▸ Your instructions:
Word for word, restate the listing that follows and leave out the images.

▸ Provided material:
------------------------------------
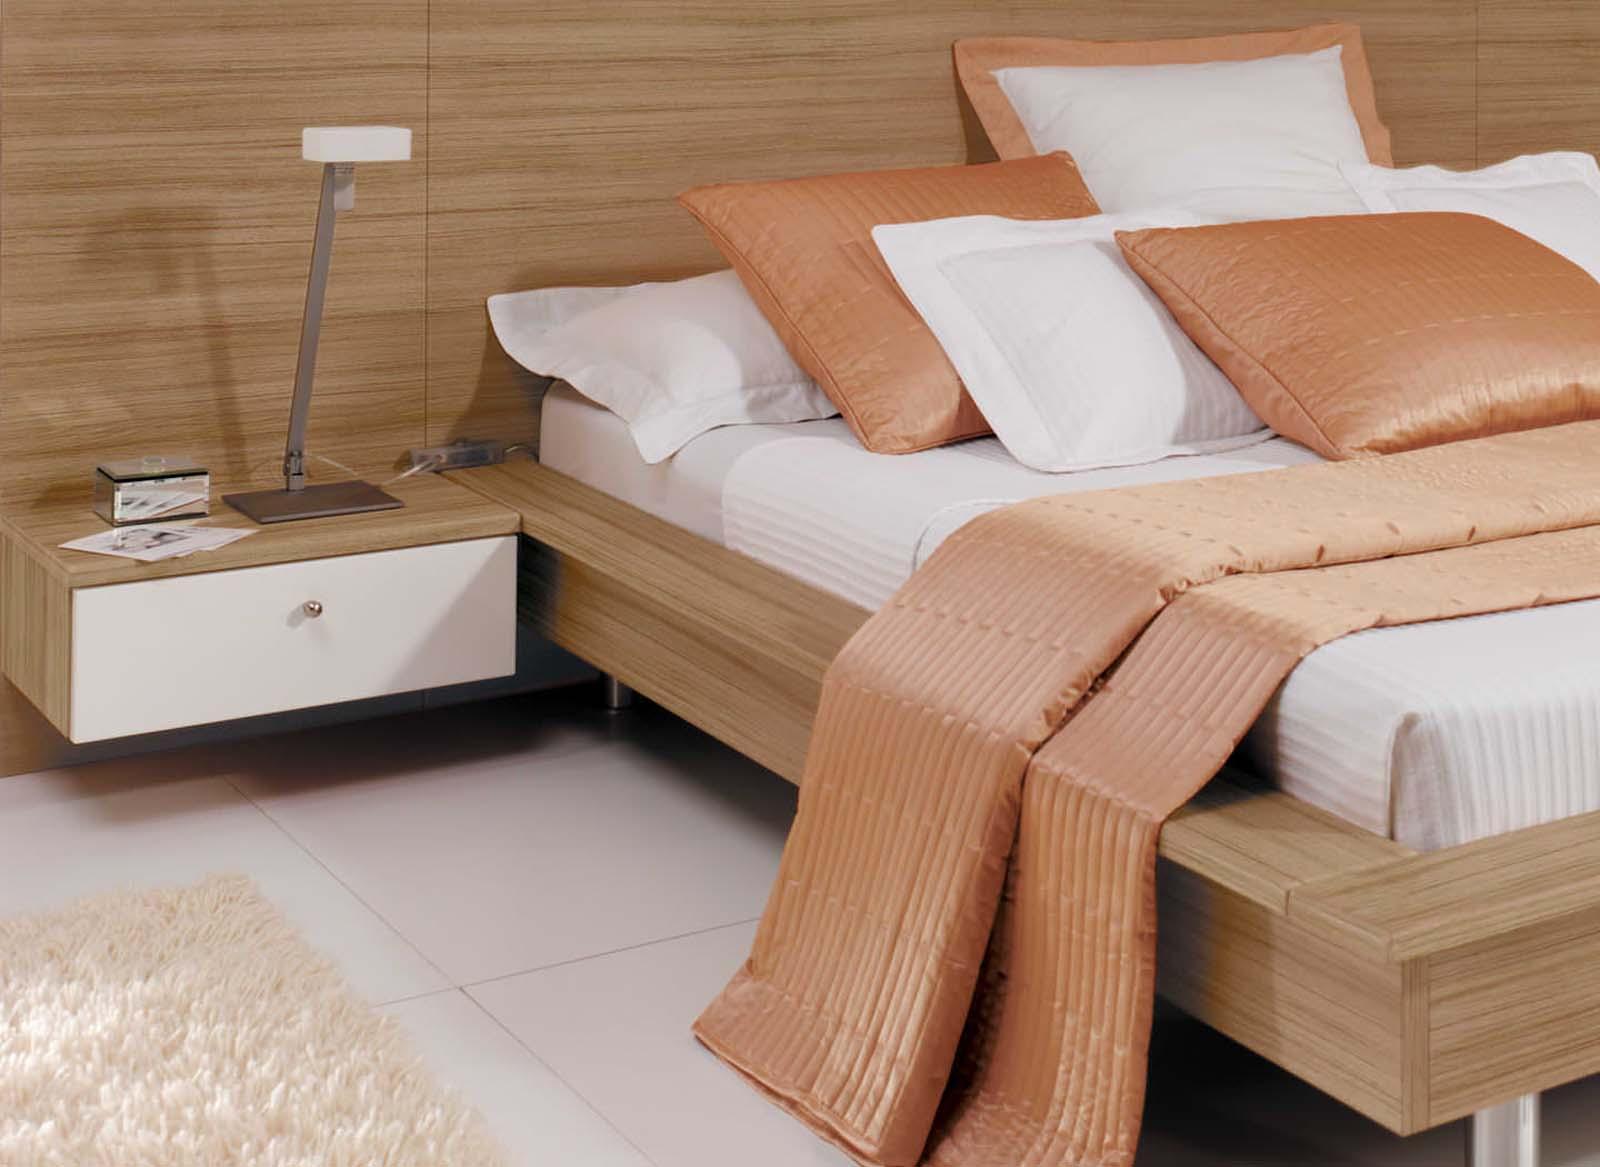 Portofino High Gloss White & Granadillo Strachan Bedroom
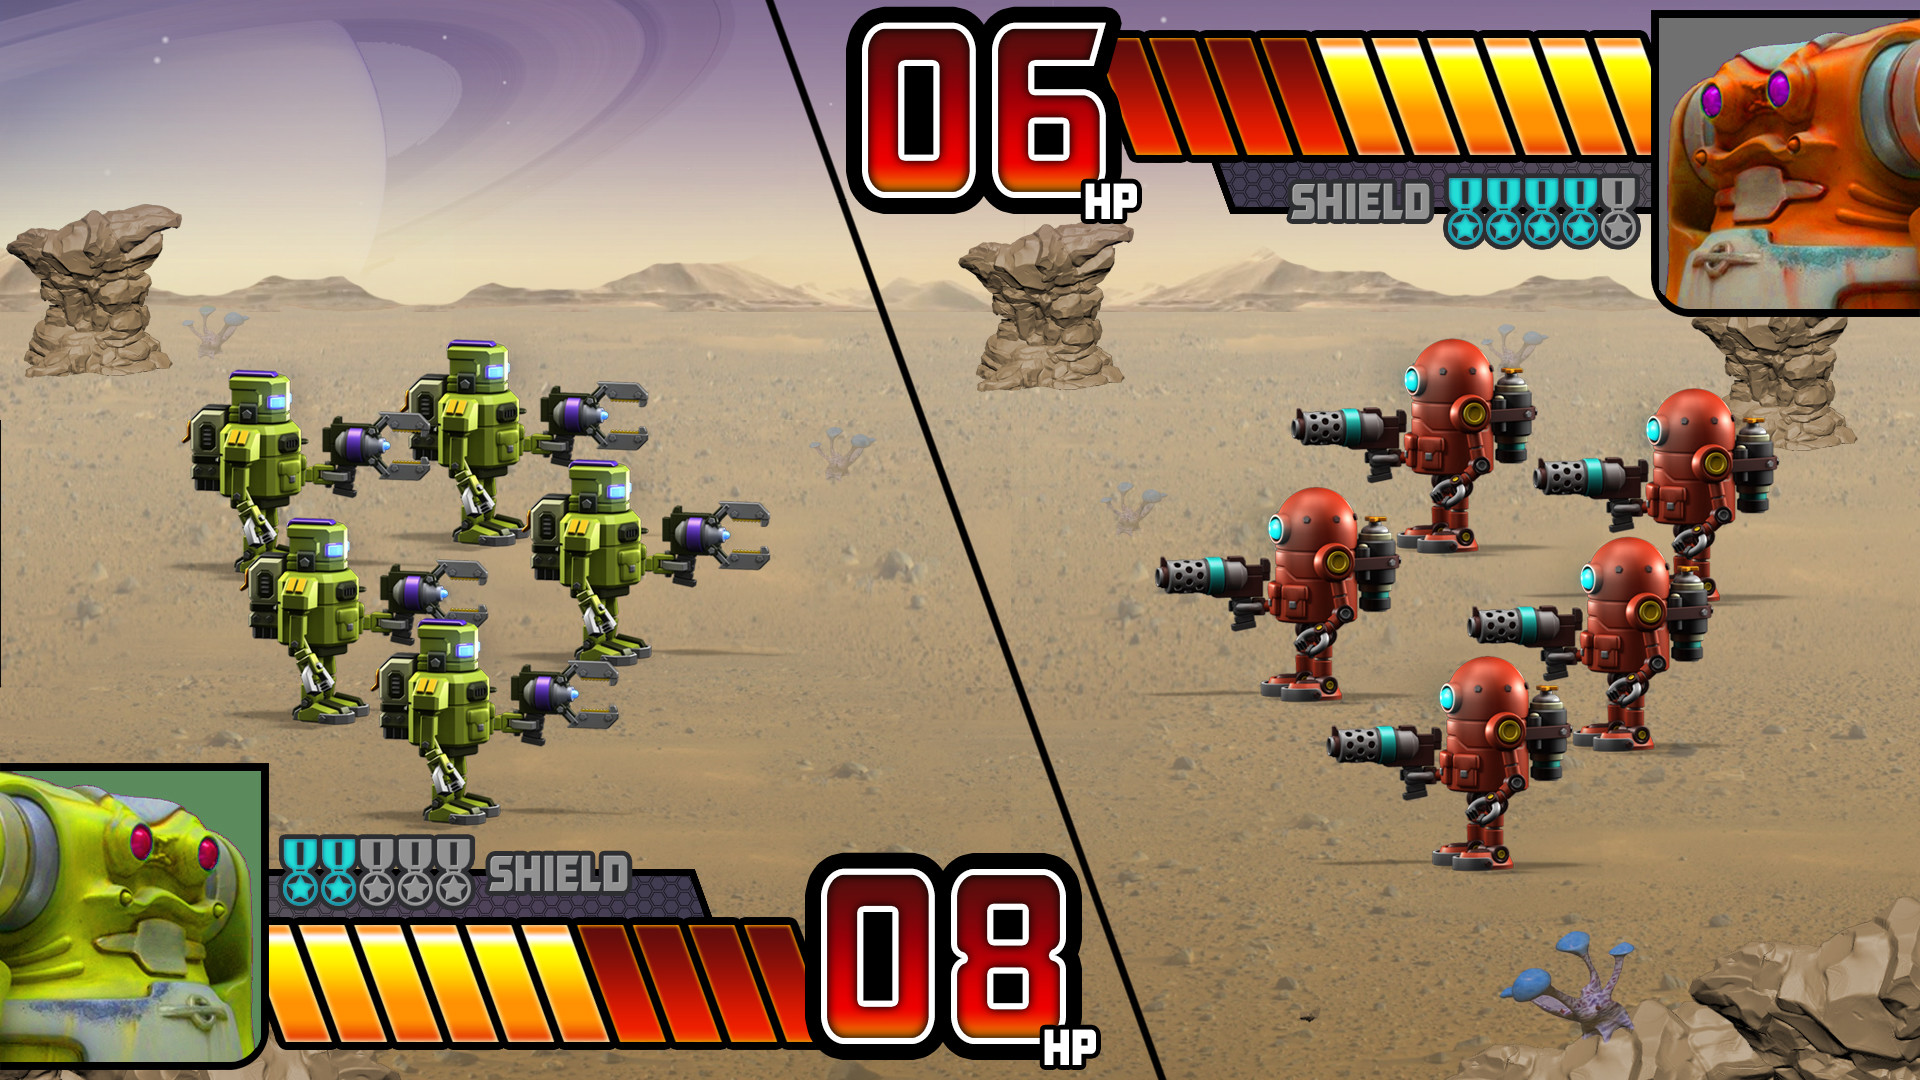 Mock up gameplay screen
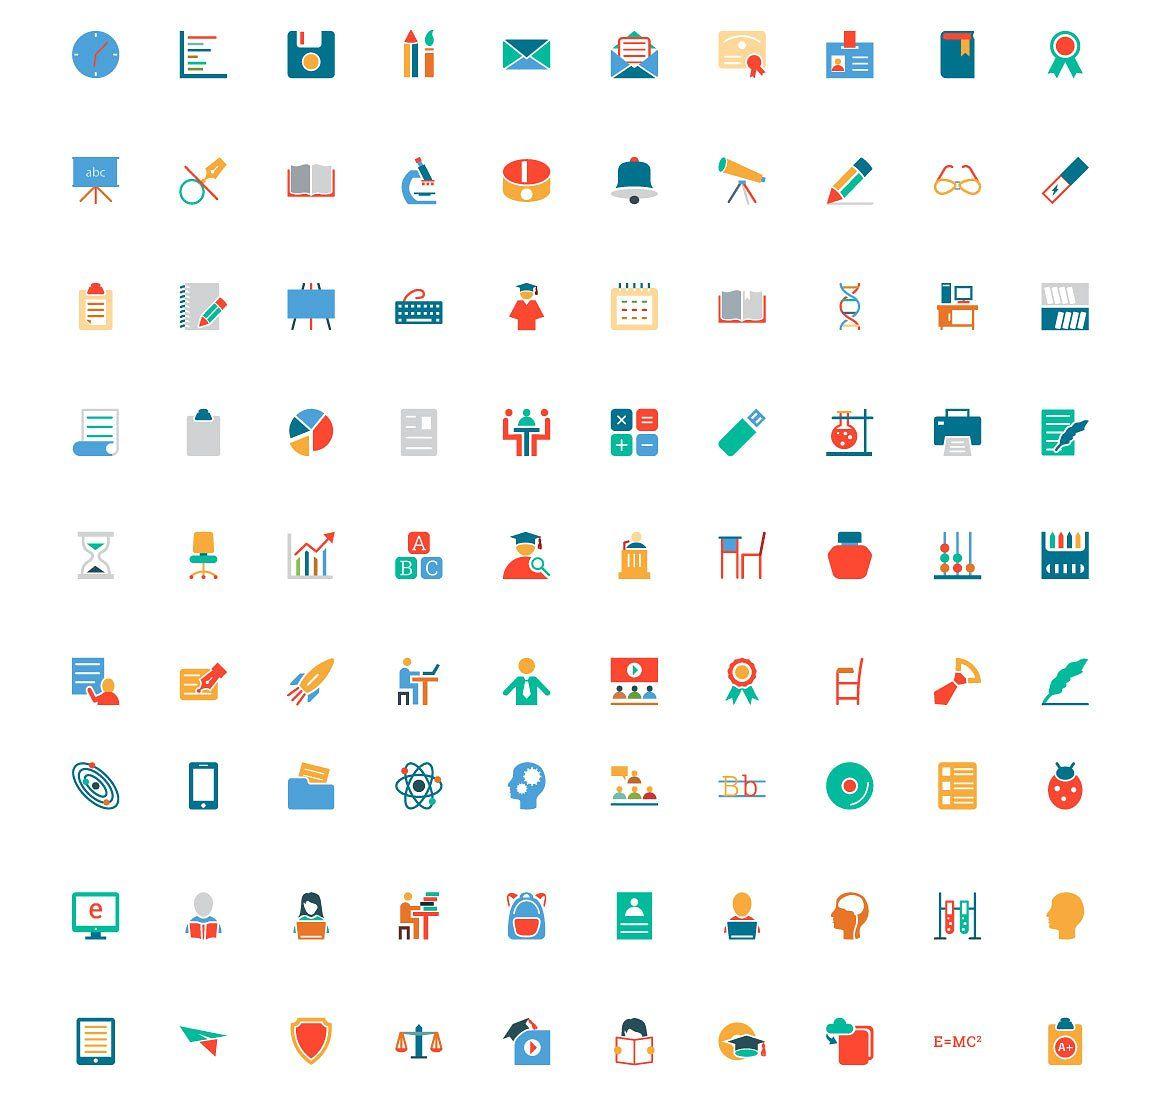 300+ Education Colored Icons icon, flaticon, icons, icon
------------------------------------
▸ Solution for this problem:
 Portofino High Gloss White & Granadillo Strachan Bedroom
 Mock up gameplay screen
 300+ Education Colored Icons icon, flaticon, icons, icon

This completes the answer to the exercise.